*** Opening of Data excerpts ***

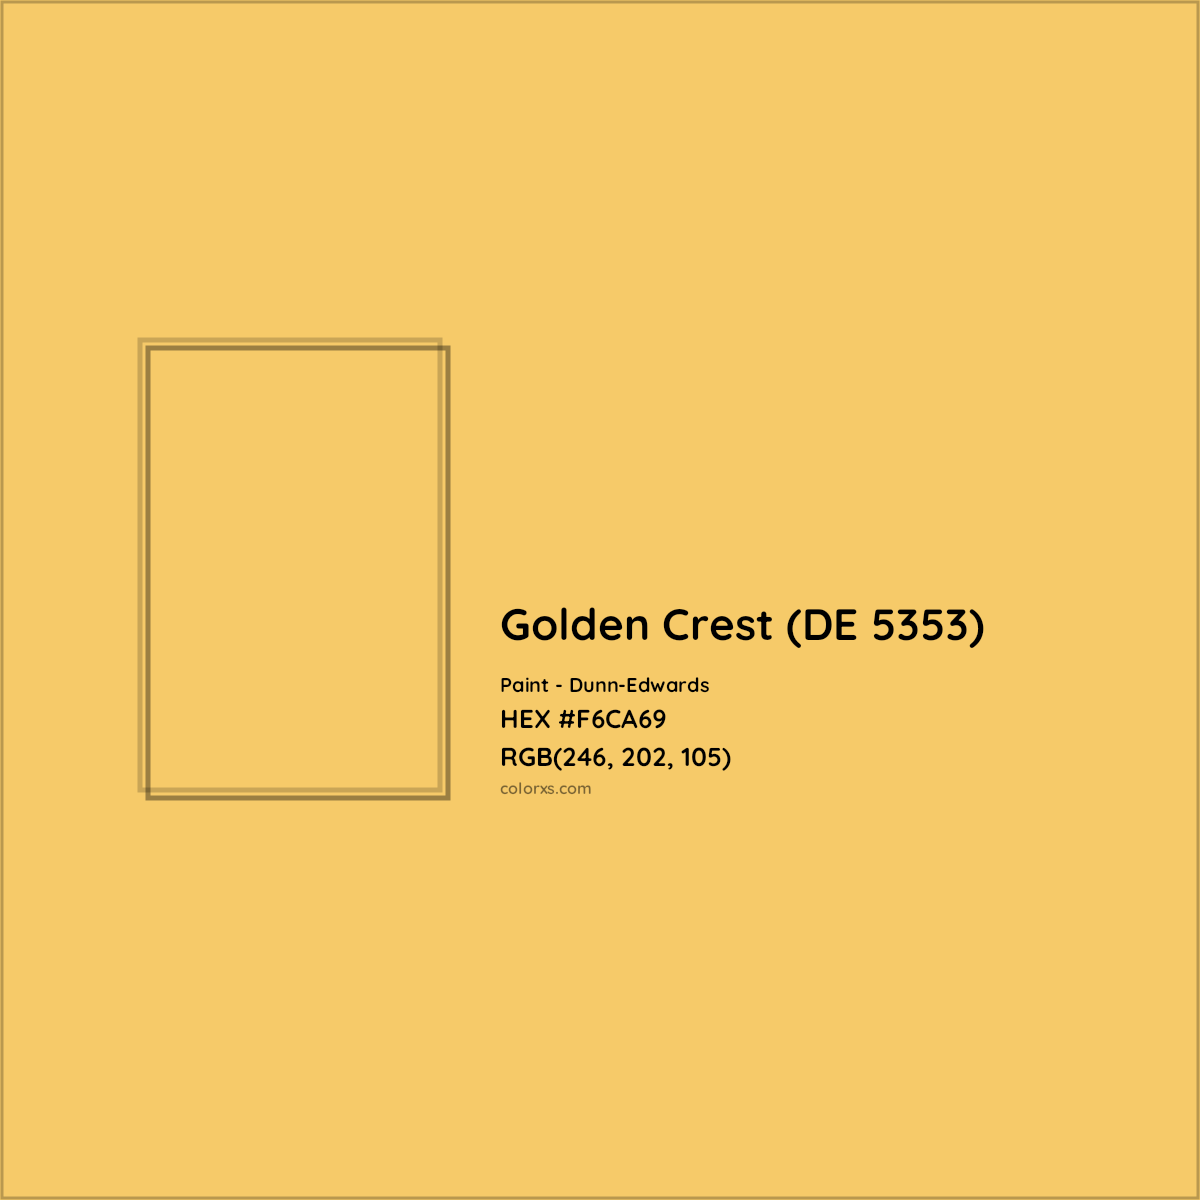 HEX #F6CA69 Golden Crest (DE 5353) Paint Dunn-Edwards - Color Code
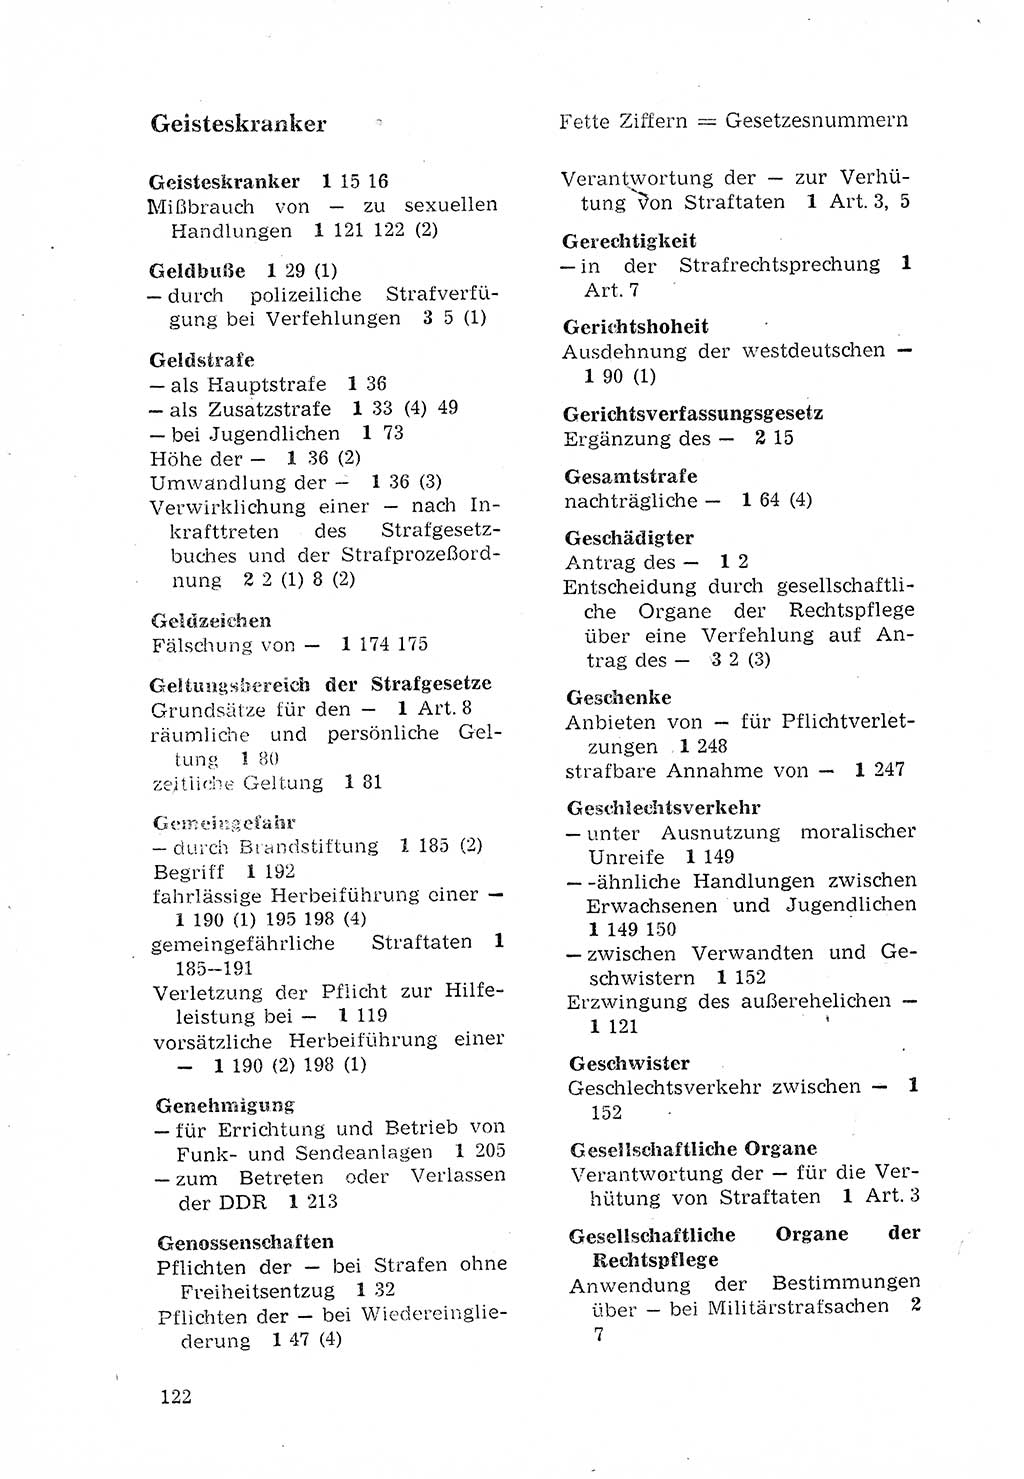 Strafgesetzbuch (StGB) der Deutschen Demokratischen Republik (DDR) 1968, Seite 122 (StGB DDR 1968, S. 122)
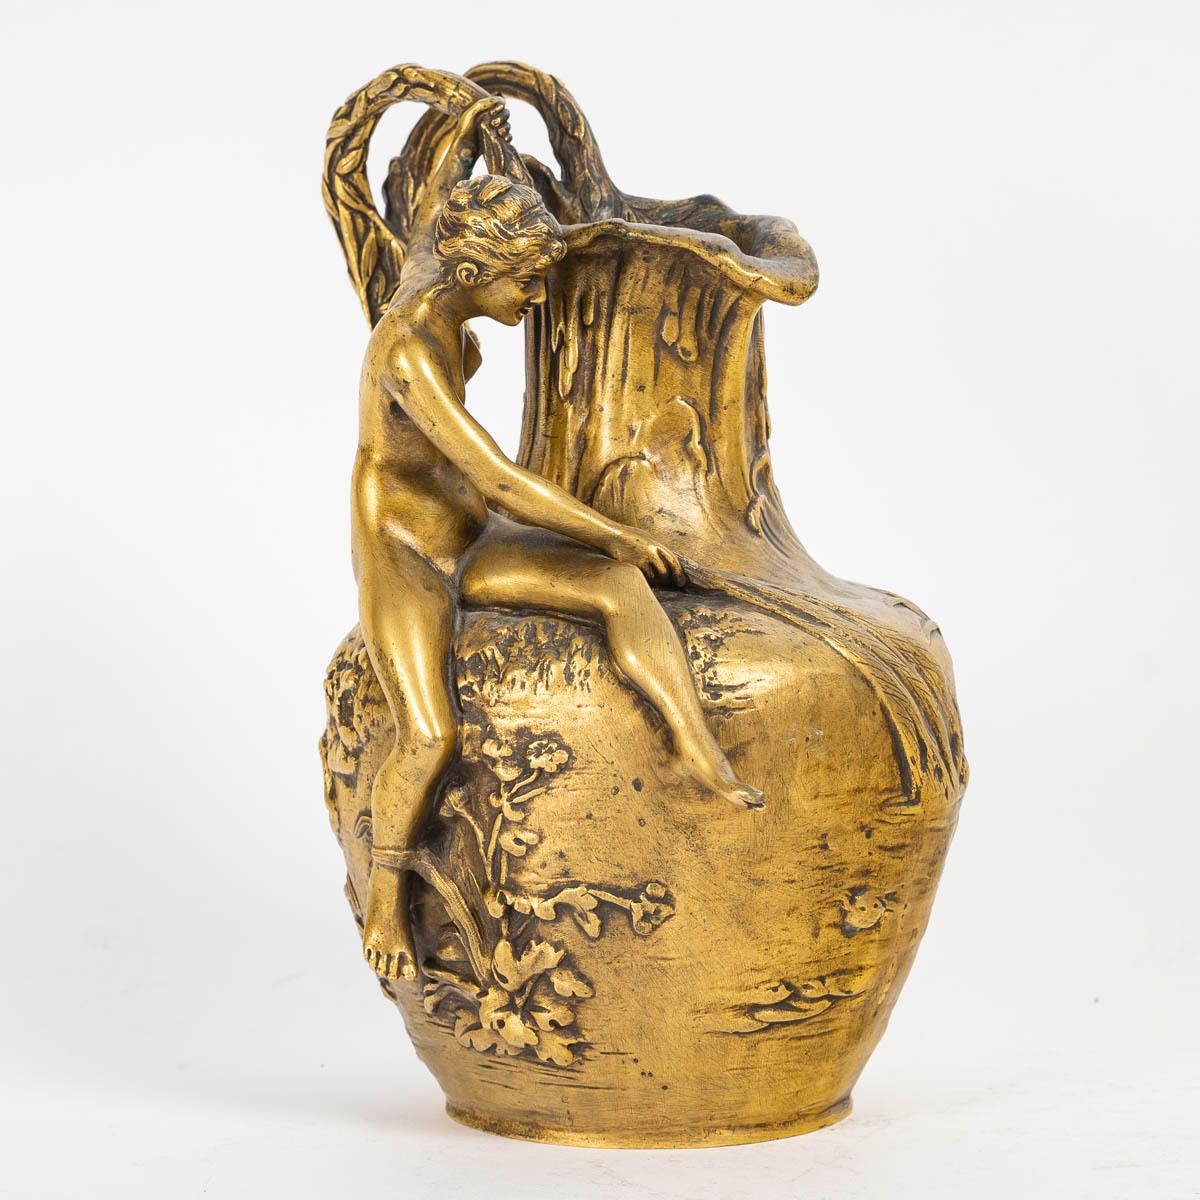 Vase Art nouveau, cruche, signé A, Vibert, vers 1900 .

Vase en bronze doré, cruche, style Art Nouveau, 1900, signé A, Vibert.
h : 21cm, w : 17cm, d : 13cm
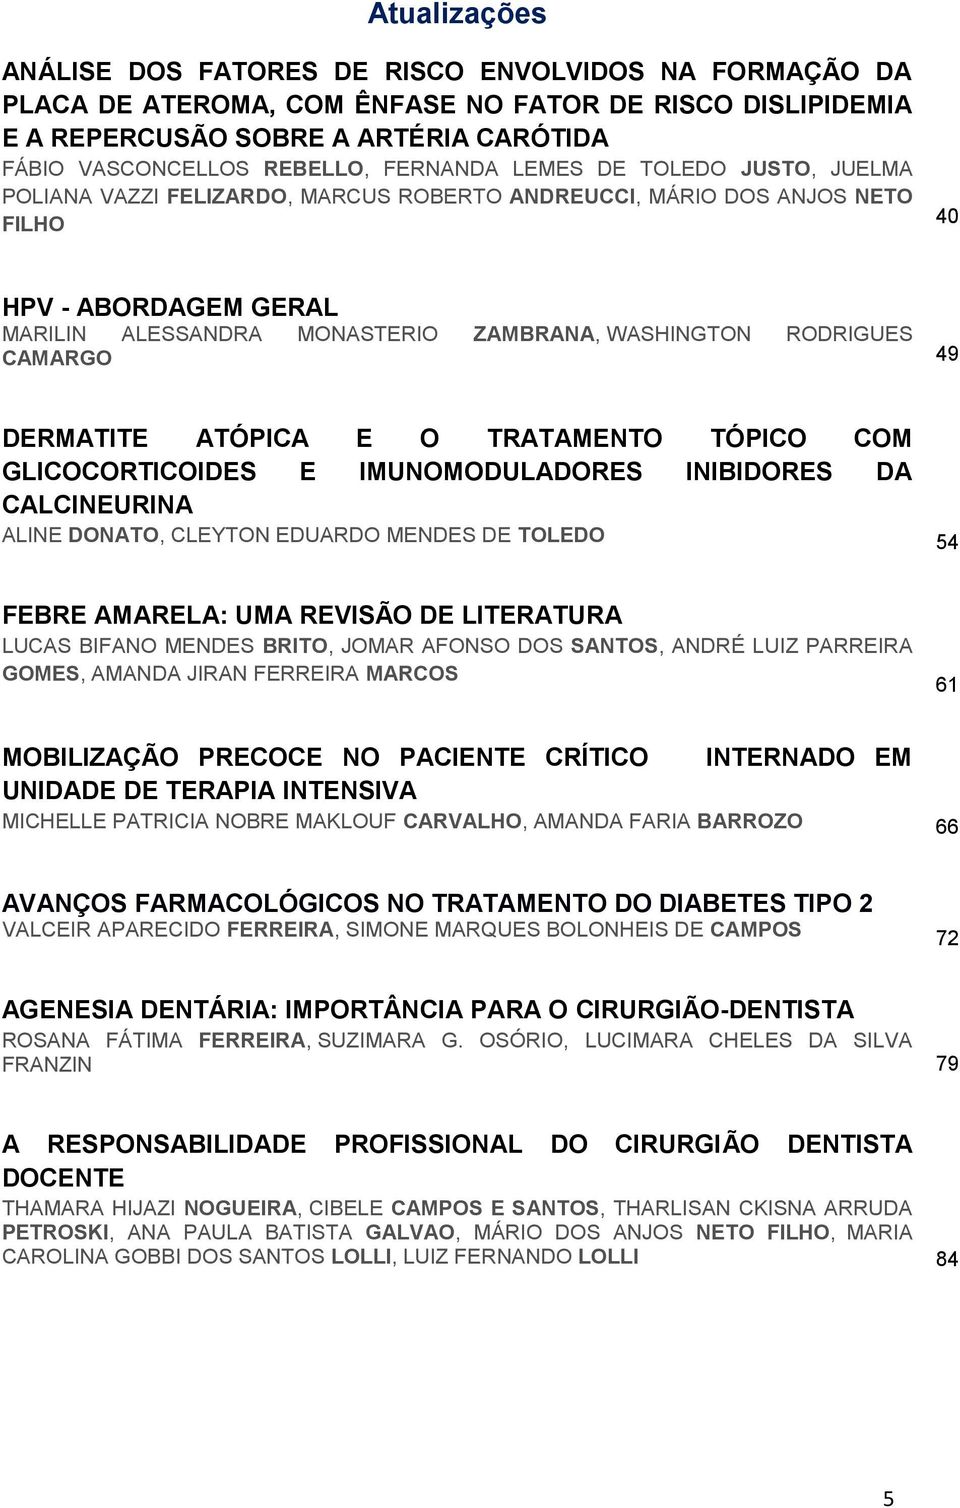 RODRIGUES CAMARGO 49 DERMATITE ATÓPICA E O TRATAMENTO TÓPICO COM GLICOCORTICOIDES E IMUNOMODULADORES INIBIDORES DA CALCINEURINA ALINE DONATO, CLEYTON EDUARDO MENDES DE TOLEDO 54 FEBRE AMARELA: UMA
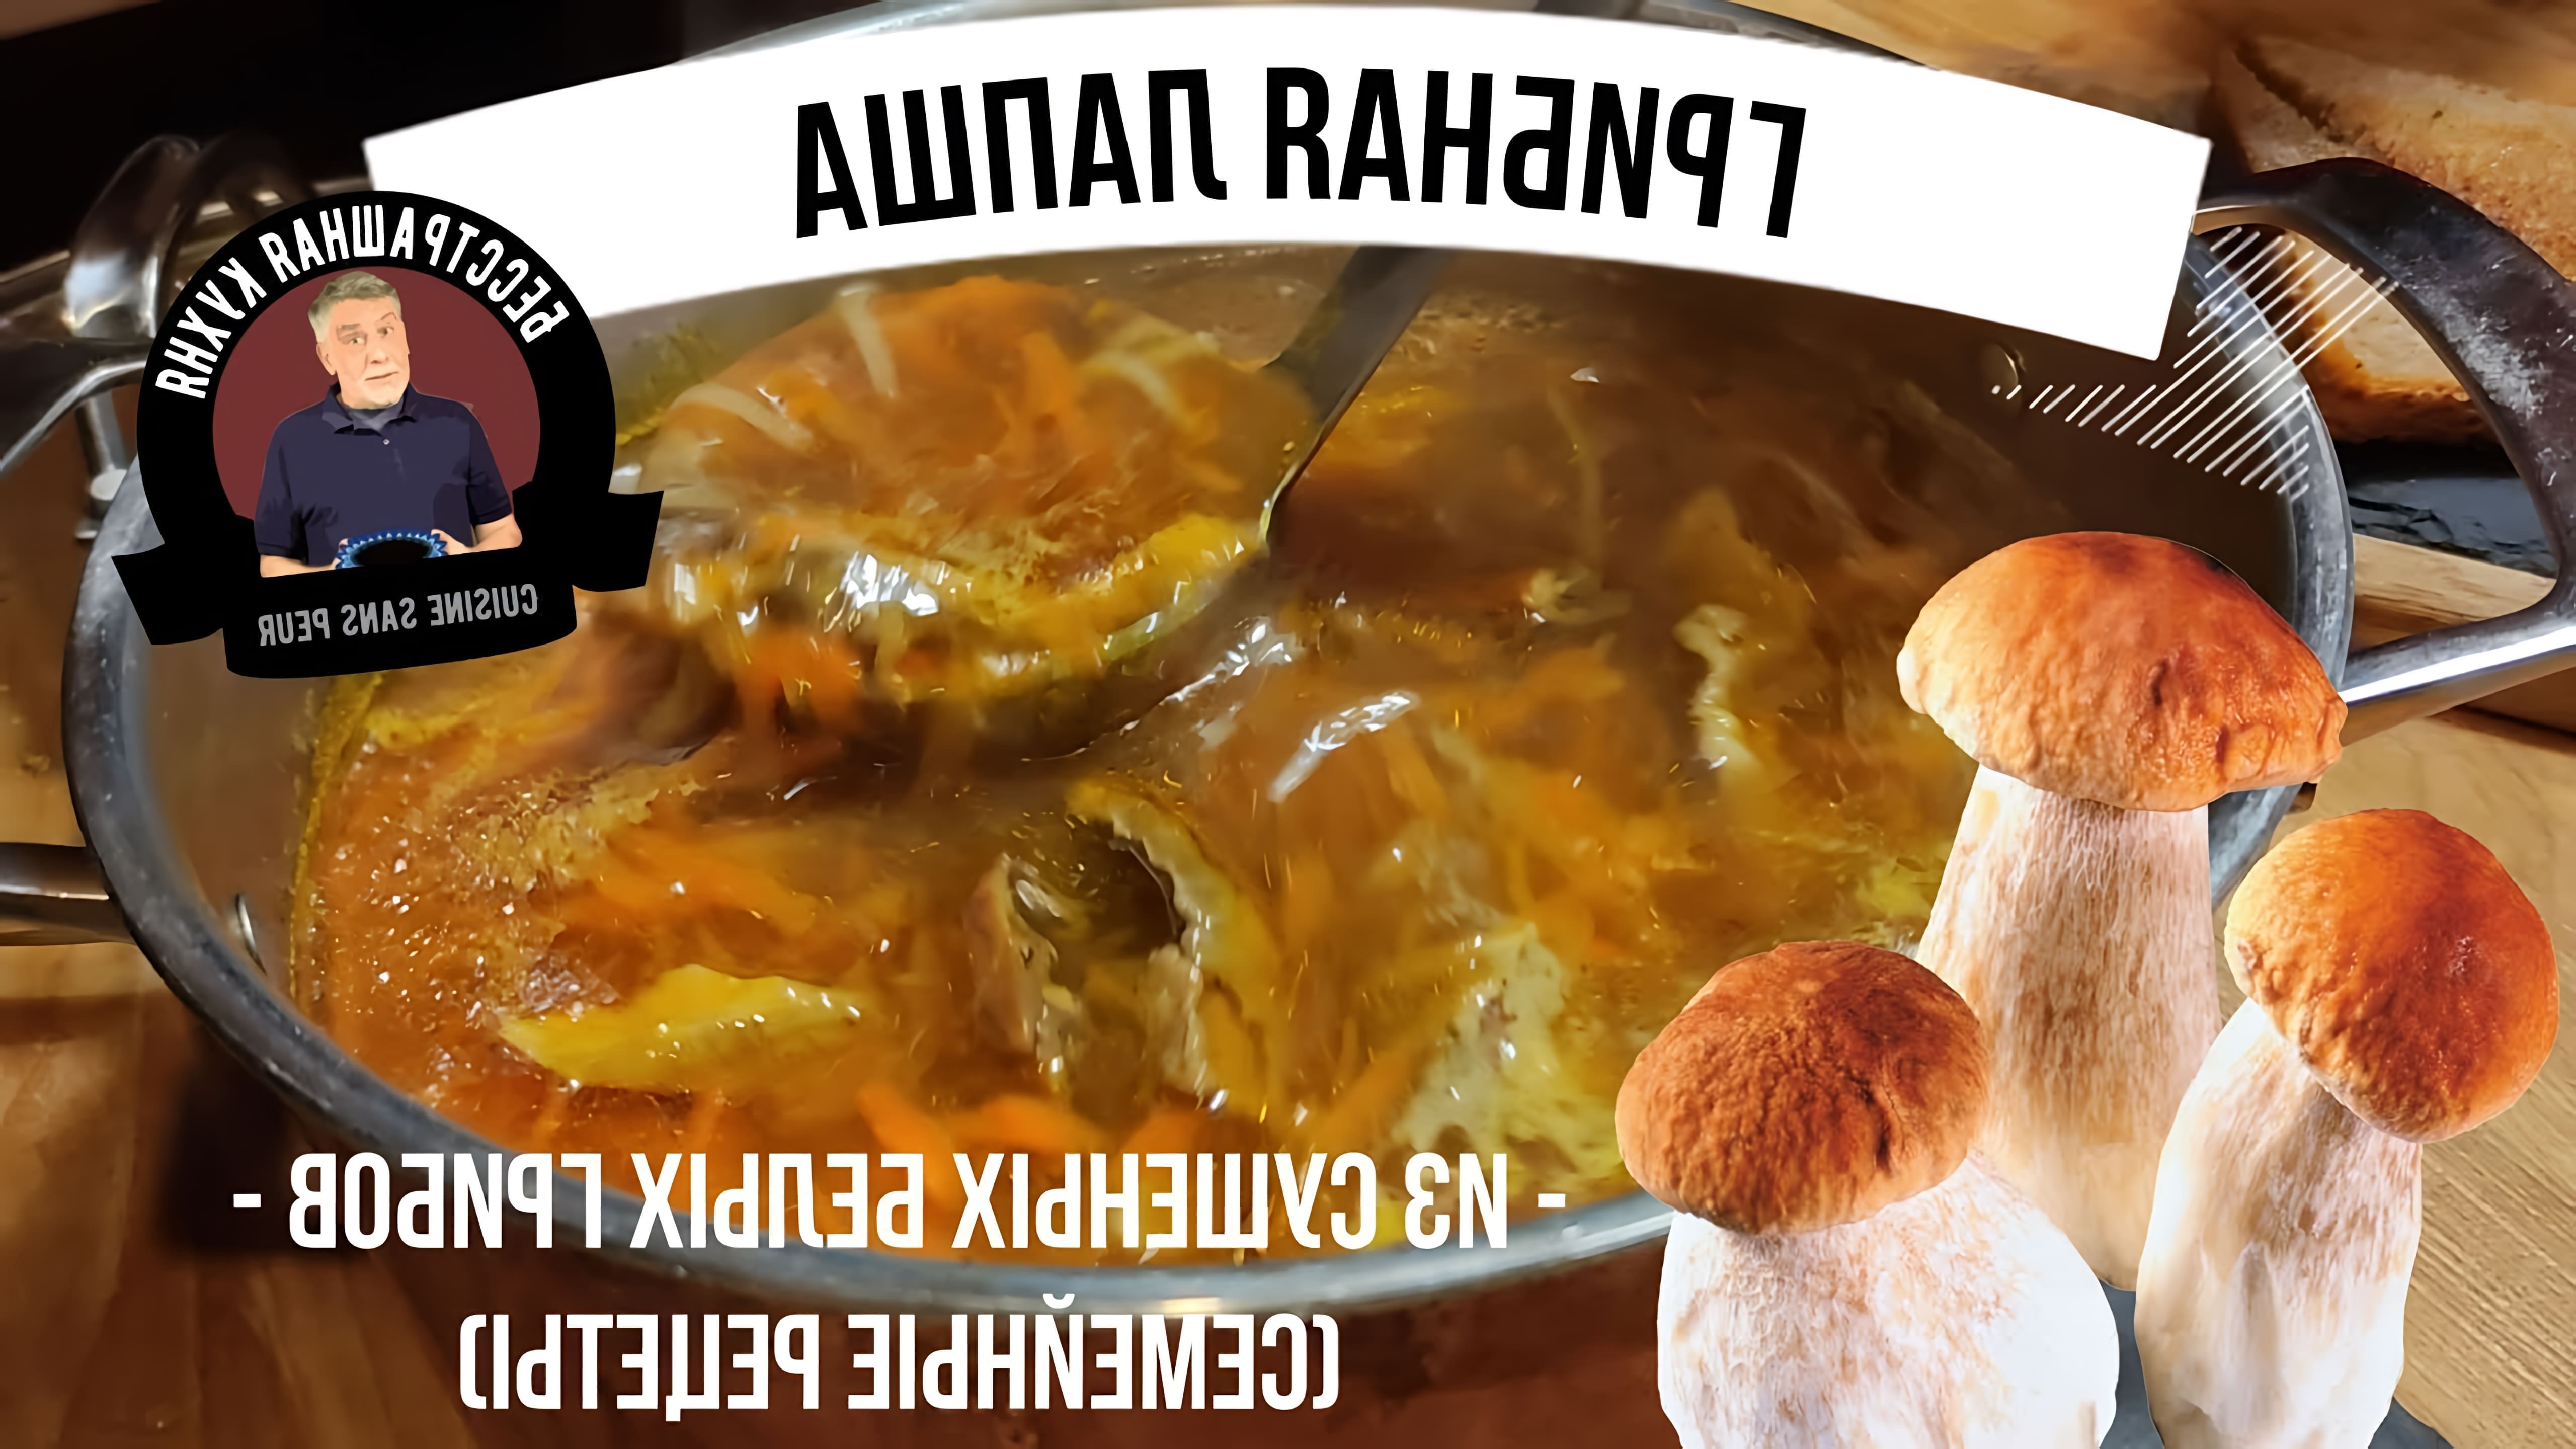 В этом видео демонстрируется рецепт супа из сушеных белых грибов

*** Close of Data excerpts ***

Task details:
Each entry should be set down exactly, pictures excluded.

Problem solution:
 HEX #F6CA69 Golden Crest (DE 5353) Paint Dunn-Edwards - Color Code
 Strafgesetzbuch (StGB) der Deutschen Demokratischen Republik (DDR) 1968, Seite 122 (StGB DDR 1968, S. 122)
 Vase Art nouveau, cruche, signé A, Vibert, vers 1900 .

Vase en bronze doré, cruche, style Art Nouveau, 1900, signé A, Vibert.
h : 21cm, w : 17cm, d : 13cm
 RODRIGUES CAMARGO 49 DERMATITE ATÓPICA E O TRATAMENTO TÓPICO COM GLICOCORTICOIDES E IMUNOMODULADORES INIBIDORES DA CALCINEURINA ALINE DONATO, CLEYTON EDUARDO MENDES DE TOLEDO 54 FEBRE AMARELA: UMA
 В этом видео демонстрируется рецепт супа из сушеных белых грибов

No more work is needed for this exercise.